Под каток репрессий попал и друг детства Молотова — Александр Аросев. Его жена Гертруда была арестована, когда семья отдыхала в Сестрорецке. Аросев бросился в Москву. «Он был мрачен. Сразу по приезде позвонил Молотову:
— Веча, я прошу тебя сказать, что мне делать?
Молотов повесил трубку…
На какой-то звонок Молотов, наконец, отозвался. Произнес только два слова:
— Устраивай детей»[1318].
Политики потащили за собой интеллигенцию. Шила Фицпатрик писала: «Между политической и культурной элитами существовали личные и семейные связи: например, Галина Серебрякова была женой одного из обвиняемых по делу Пятакова и бывшей женой другого; журналист-коммунист Леонид Авербах… был другом и шурином Генриха Ягоды; поэтесса Вера Инбер была дочерью двоюродной сестры Троцкого и т. д.». Среди первых «разносчиков чумы» Фицпатрик называет небезызвестного нам Пикеля — писателя и руководителя секретариата Зиновьева[1319]. Кроме того, в научной и творческой среде более чем где-либо прослеживалось сведение счетов, устранение конкурентов.
Второй поток репрессий получил условное название «кулацкого». Начало ему было положено 2 июля после двухдневных совещаний высшего руководства с первыми секретарями. В соответствии с оперативным приказом НКВД № 00447 репрессиям подлежали: бывшие кулаки, продолжавшие вести активную антисоветскую подрывную деятельность, бежавшие из лагерей и трудпоселков, состоявшие в повстанческих, фашистских, террористических, бандитских формированиях и возобновившие свою преступную деятельность; члены антисоветских партий (эсеры, грузмеки, мусаватисты, иттихадисты и дашнаки), бывшие белые, жандармы, чиновники, каратели, бандиты, бандо-пособники, переправщики, реэмигранты, скрывшиеся от репрессий, бежавшие из мест заключения и продолжавшие вести активную антисоветскую деятельность; осужденные за особо опасные преступления уголовники, продолжавшие преступную деятельность и связанные с преступной средой. Наиболее опасные элементы зачислялись в первую категорию, подлежавшую расстрелу, менее опасные — во вторую, которым полагался срок от восьми до десяти лет.

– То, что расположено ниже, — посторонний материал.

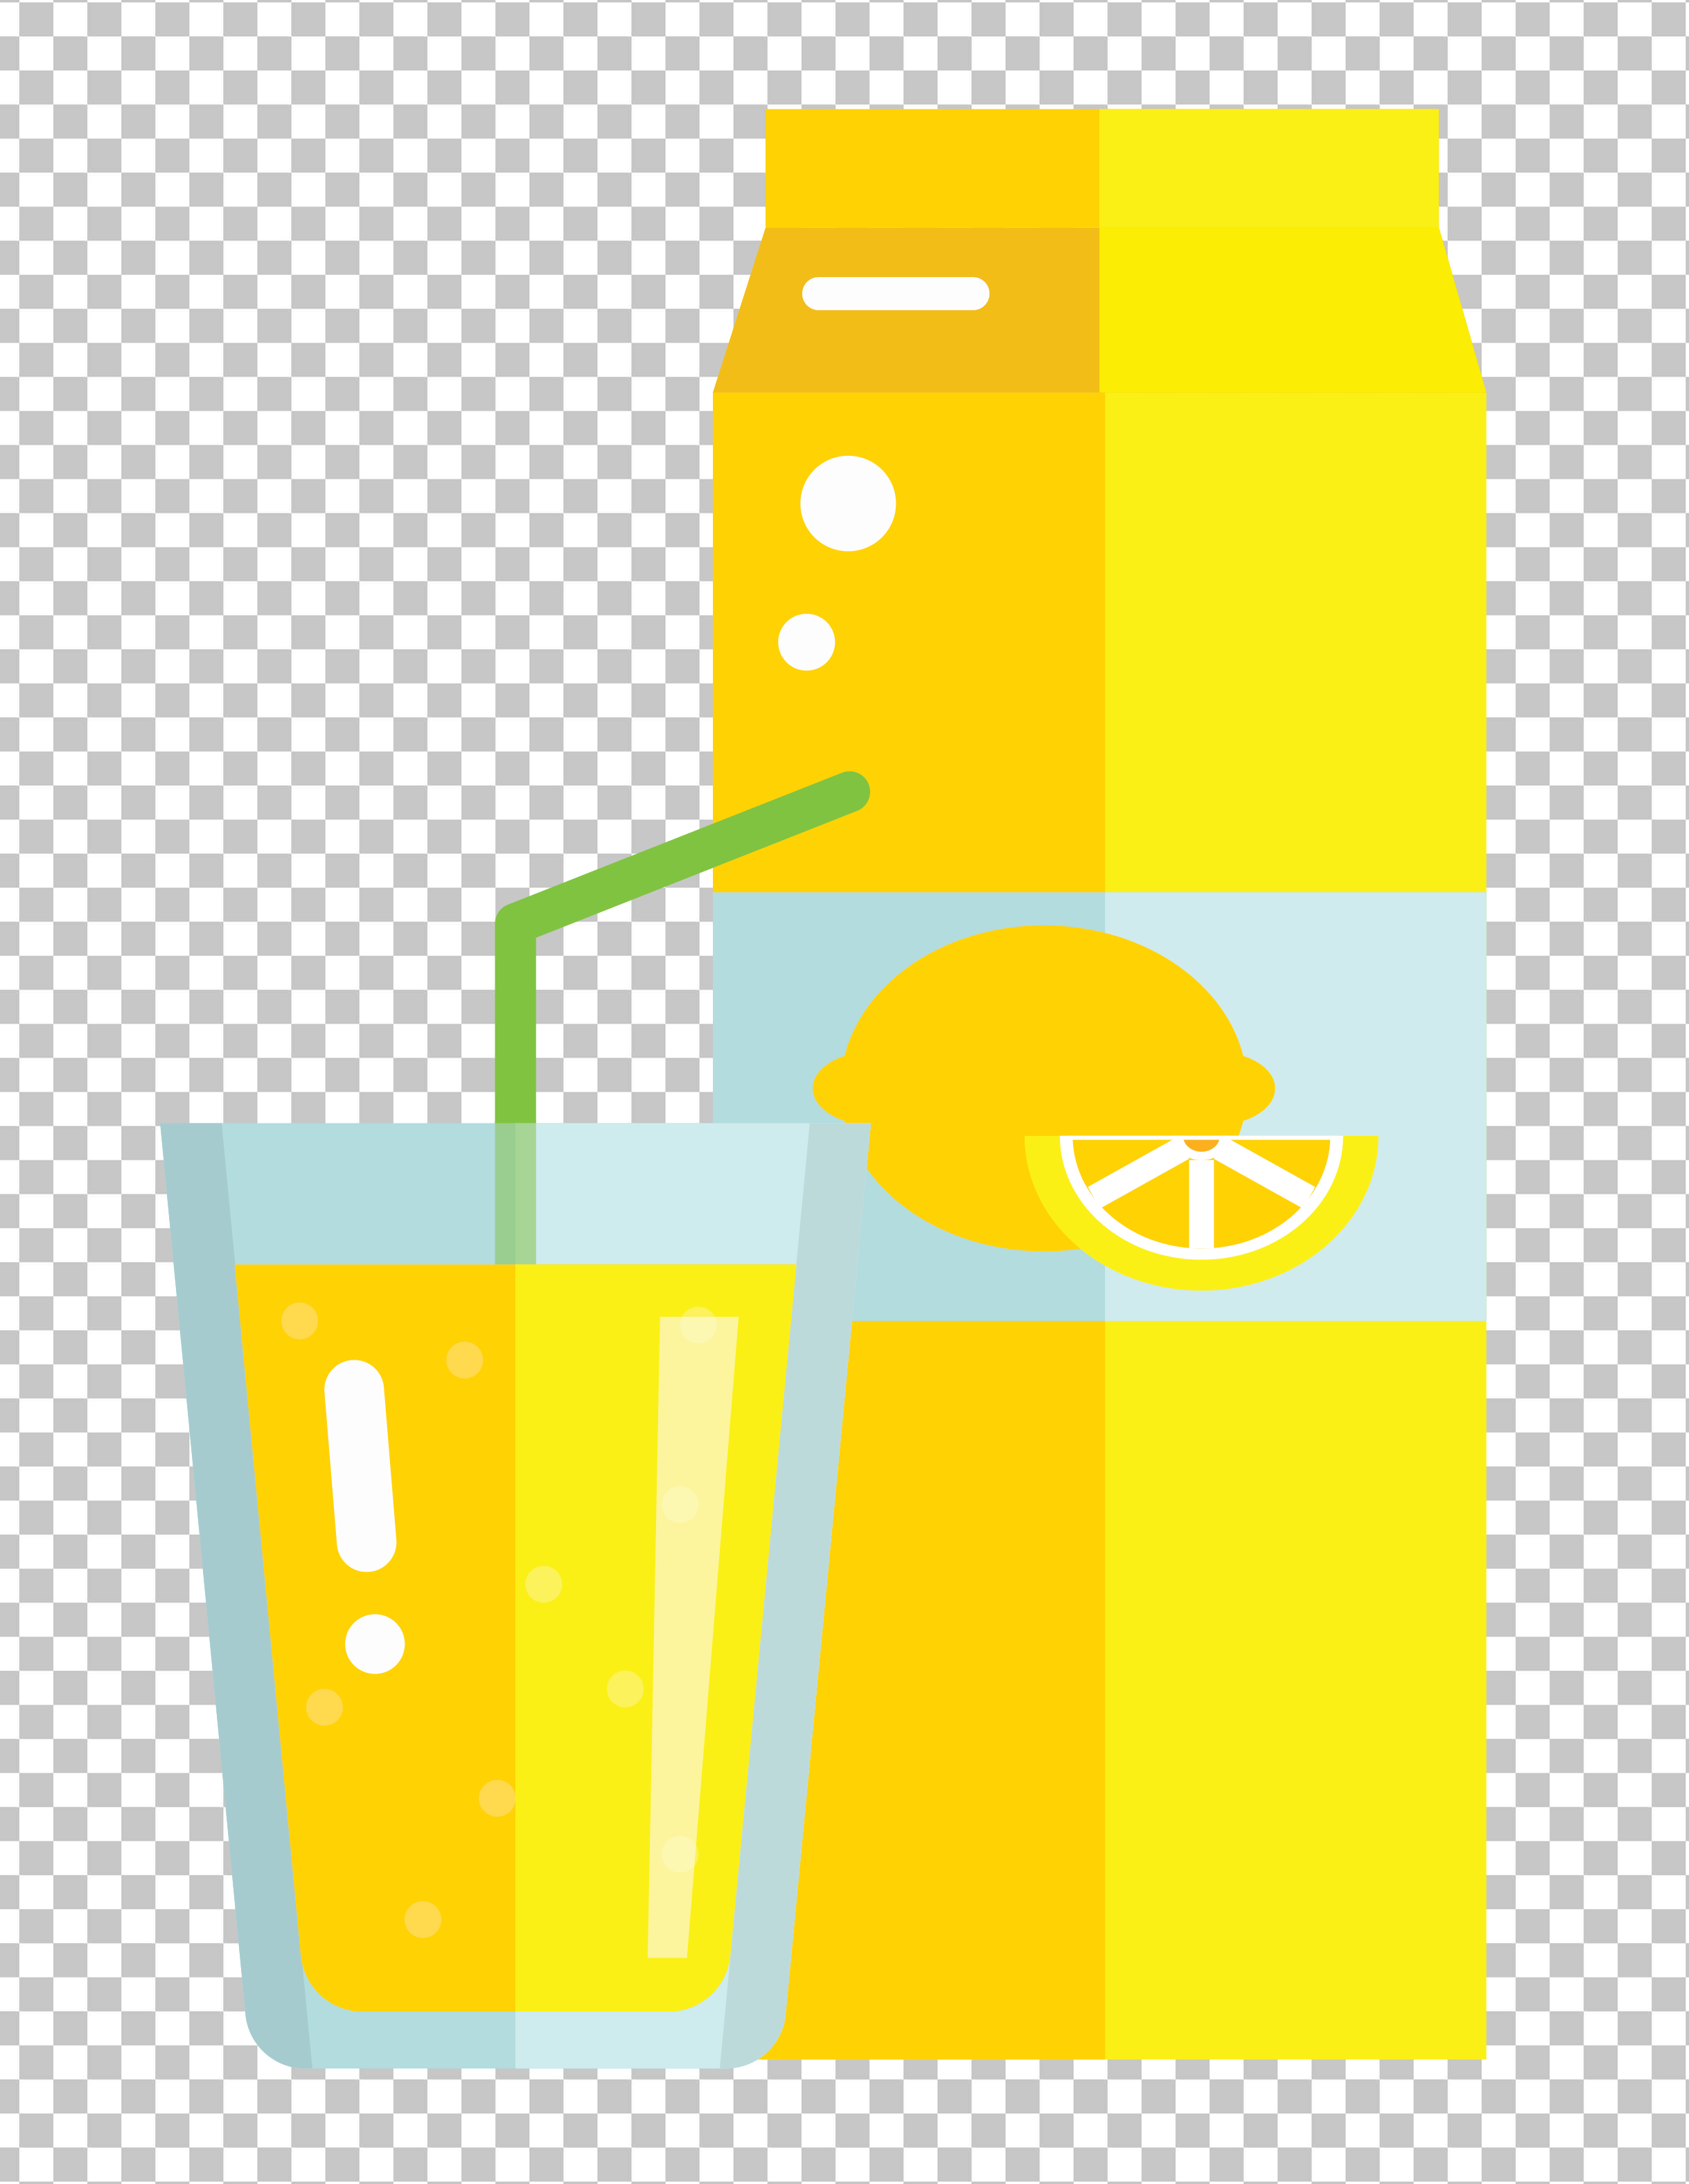 Glass of Lemon Juice Next to Box of Lemon Juice.

Для каждой республики и области утверждались предельные цифры по каждой категории, которые основывались на данных картотек спецслужб и уже выносившихся судебных приговоров. Обозначенные в приказе цифры были меньше, чем предварительные «заявки» регионов. Всего по стране было разрешено арестовать до 259 450 человек, из них 72 950 — расстрелять[1320]. Но с конца августа в ЦК стали обращаться руководители регионов с настойчивыми просьбами увеличить для них лимиты по репрессиям. С 28 августа по 15 декабря Политбюро санкционировало повысить лимиты по первой категории на 22,5 тысячи человек, а по второй — на 16,8 тысячи человек[1321].
Третий поток репрессий затронул главным образом приграничные районы. В течение июля — октября Политбюро принимает решения об очистке пограничной полосы в Армении, Азербайджане, республиках Средней Азии и Дальневосточного края, которые коснулись курдов, иранцев, афганцев, китайцев и корейцев, переселяемых во внутренние регионы СССР. Наиболее массовым стало перемещение корейцев из районов, граничивших с Маньчжоу-Го, Монголией и Китаем. 29 июля Ежов приказал приступить к аресту всех граждан Германии, «работающих на военных заводах и заводах, имеющих оборонные цеха, железнодорожном транспорте»[1322]. 9 августа Политбюро утвердило приказ НКВД «О ликвидации польских диверсионно-шпионских групп и организаций ПОВ (Польской организации войсковой)».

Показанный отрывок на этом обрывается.